The monito del monte is adapted to arboreal life; its tail and paws are prehensile. It is largely nocturnal and, depending on the ambient and internal temperature, and on the availability of food, it spends much of the day in a state of torpor. Such behaviour enables it to survive periods of extreme weather and food shortage, conserving energy instead of foraging to no effect.

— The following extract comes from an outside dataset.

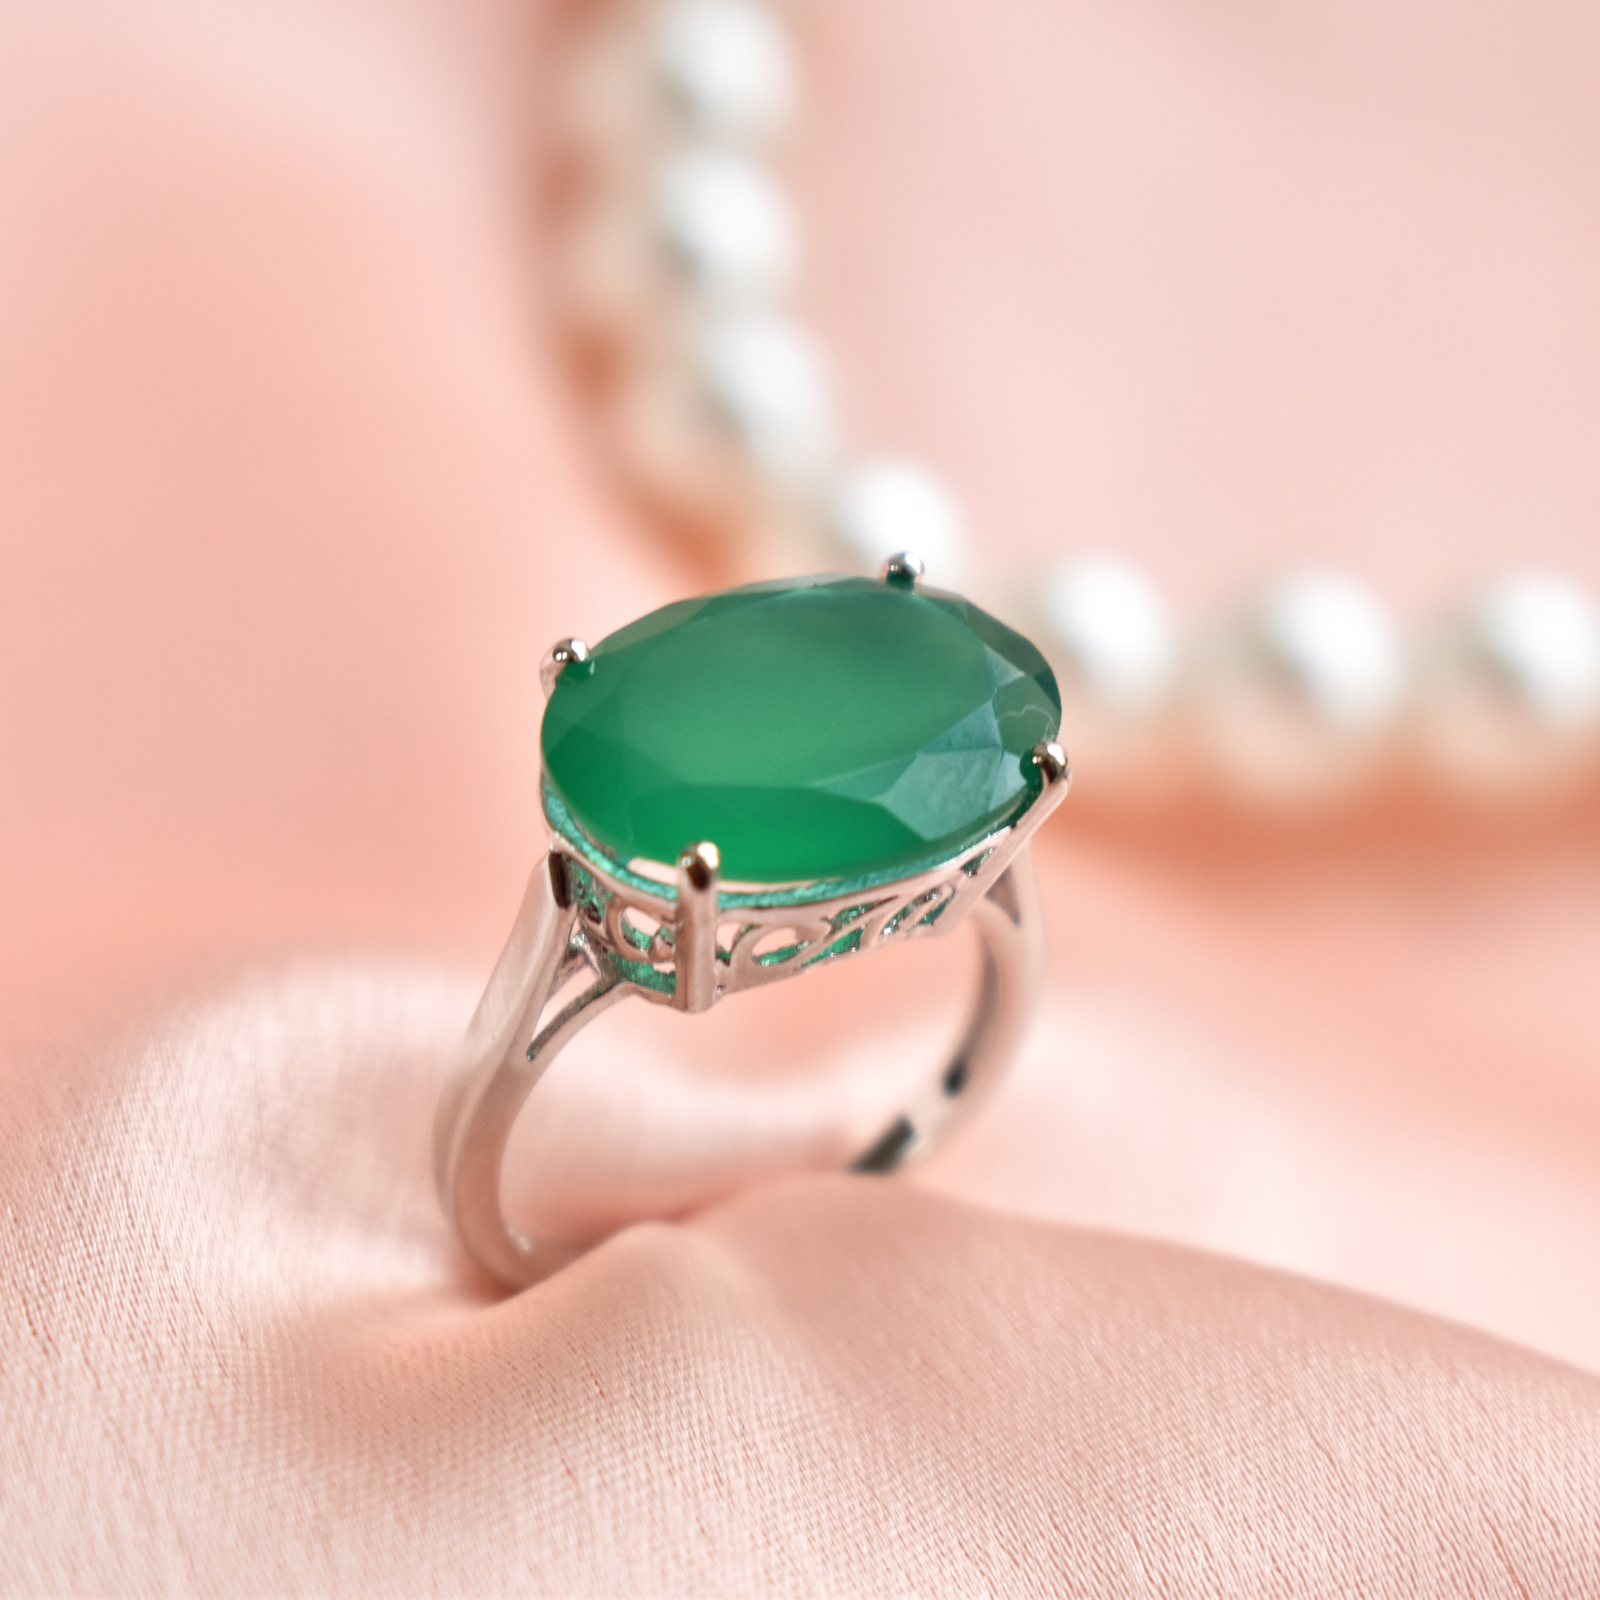 Primary image for Green Onyx Ring | 925 Sterling Silver Ring | Statement Ring | Cocktail Ring |

The animal covers its nest with moss for concealment, and for insulation and protection from bad weather.

==Diet==
The monito del monte depends on consuming both insects and fruit, with either component individually being nutritionally unbalanced. Fruit consumed comes from 16 species of plant, with the mistletoe species Tristerix corymbosus being a preferred source of fruit. A study performed in the temperate forests of southern Argentina showed a mutualistic seed dispersal relationship between D. gliroides and Tristerix corymbosus. The monito del monte is the sole dispersal agent for this plant, and without it the plant would likely become extinct. The monito del monte eats the fruit of T. corymbosus, and germination takes place in the gut.

==Conservation==
For the past few years the number of Dromiciops has declined, and the species is now classified as "near threatened". Many factors contribute to the decline:
- its already limited habitat is constantly faced with deforestation and fragmentation;
- the introduction of the domestic cat (Felis catus) is correlated with decrease in numbers of Dromiciops
- the creature is considered bad luck by natives – houses have been burned down after monitos del monte were seen inside;
- other people believe this marsupial is venomous or causes disease, though in reality they do not affect humans negatively.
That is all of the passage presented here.